But low interest rates also changed the asset strategy of these indices as well. The broad consensus amongst banks during this era was that incorporating long-duration fixed income into the index was a necessity because no other asset class showed better risk-adjusted returns over the backtested period. In a consistently falling interest rate environment, long-duration fixed income almost continuously goes up in price. It was the magic dust for backtested performance. Until it wasn’t. The average return for this cohort of indices was -8% in 2022 as interest rates went up. Since 2016, this cohort of indices actually performed worse than the previous cohort despite the fact that many of the indices were created after 2016. Take a look:
The great irony is that these indices were designed specifically to illustrate well – and those same decisions led to sub-optimal performance in the real-world. Until 2022, long-duration fixed income had generated strong returns with very little risk. Suddenly, the opposite scenario unfolded. If these indices were calibrated with high volatility targets, then they could have still maintained a strong equity position to participate in the rally of 2023. Instead, they had low volatility targets to make the participation rate optics of the product look more appealing to agents and distributors. Those low volatility targets were almost completely chewed up by long-duration fixed income exposure, which was suddenly very volatile, with nothing left over for equities. If you looked at some of the flagship indices for major insurers, such as Allianz’s BUBDI series, many of them were carrying equity allocations of 10% or less throughout 2023 for the simple reason that they didn’t have any volatility budget leftover to spend on equities.

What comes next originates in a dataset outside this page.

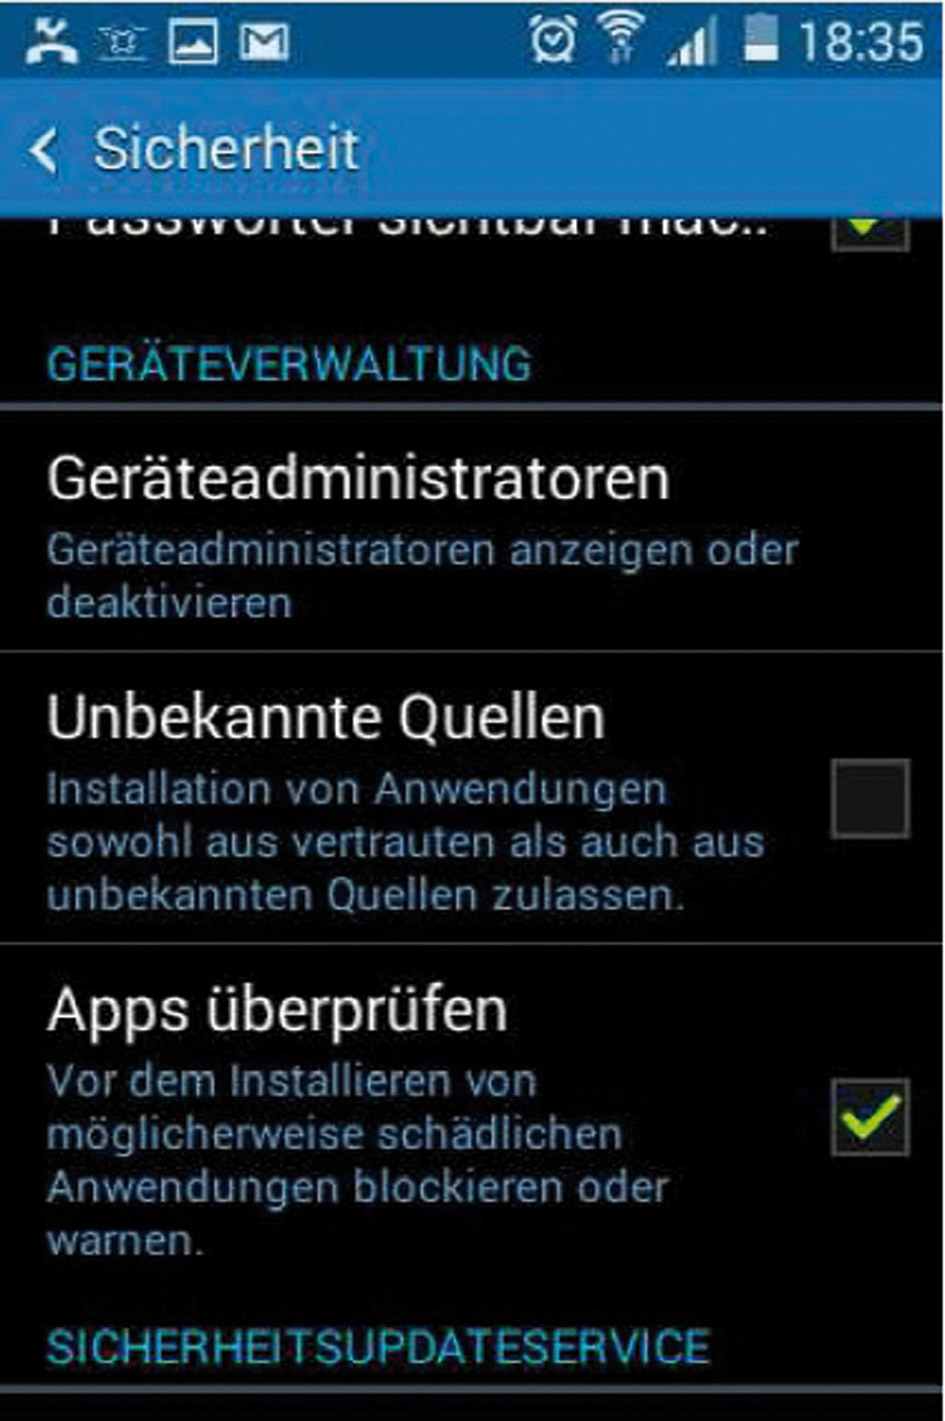 grimm_ueberwachung_1.tif_fmt1.jpg

And, worse than that, the yield curve inverted, which means that the pure yield on long-duration fixed income was close to or potentially even less than the short term risk-free rate Excess Return deduction from the index. As a result, the net return on the long-duration fixed income sleeve was effectively zero. Here’s more or less how things played out for some indices. LDFI is long-duration fixed income.
The net result was that some indices produced negative returns in 2023 despite a ripping year for the S&P 500, as shown in the table below. This is a completely unacceptable outcome for producers and their clients. How are you supposed to sit down with a client and explain that even though the S&P 500 is up nearly 20%, the index in your FIA was down a few percentage points? Or, as is the case with the vast majority of these indices, performance was substantially less than 5%? It’s a terrible situation that was created entirely because banks and insurers were focused on backtested performance and participation rate optics rather than robust real-world performance. They were essentially driving by looking in the rearview mirror and, not surprisingly, ran smack into the brick wall of 2023. You’ll notice that all of the bar colors are showing actual engineered index performance for this year because all of the indices from this era were created prior to 2023.
The Great Pivot – 2022-2024
The response from insurers and engineered index providers has been swift. Higher interest rates have fundamentally changed the optics of the products on the FIA side and, increasingly, the same is true for IUL products due to the introduction of new portfolios. Low volatility targets produce participation rates that are north of 200% – which makes no sense to anyone who doesn’t have a good grip on option pricing. As a result, there has been a wholesale shift towards higher volatility targets for the 53 indices that have been introduced from the beginning of 2022 until now. Results since 2016 are below:
Higher volatility targets have certainly produced better backtested index performance at the cost of lower participation rates. Theoretically, the participation rate is purely a vanity metric. A 200% participation rate on a 5% volatility target index should be the same as a 100% participation rate on a 10% volatility target index* as long as the underlying portfolio remains unchanged. The real question, then, is how these new indices stack up against similarly structured indices from previous generations. In other words – is the better performance of the most recent crop of indices simply a result of pushing to higher volatility targets or have they actually started to do something different in the strategy of the indices themselves?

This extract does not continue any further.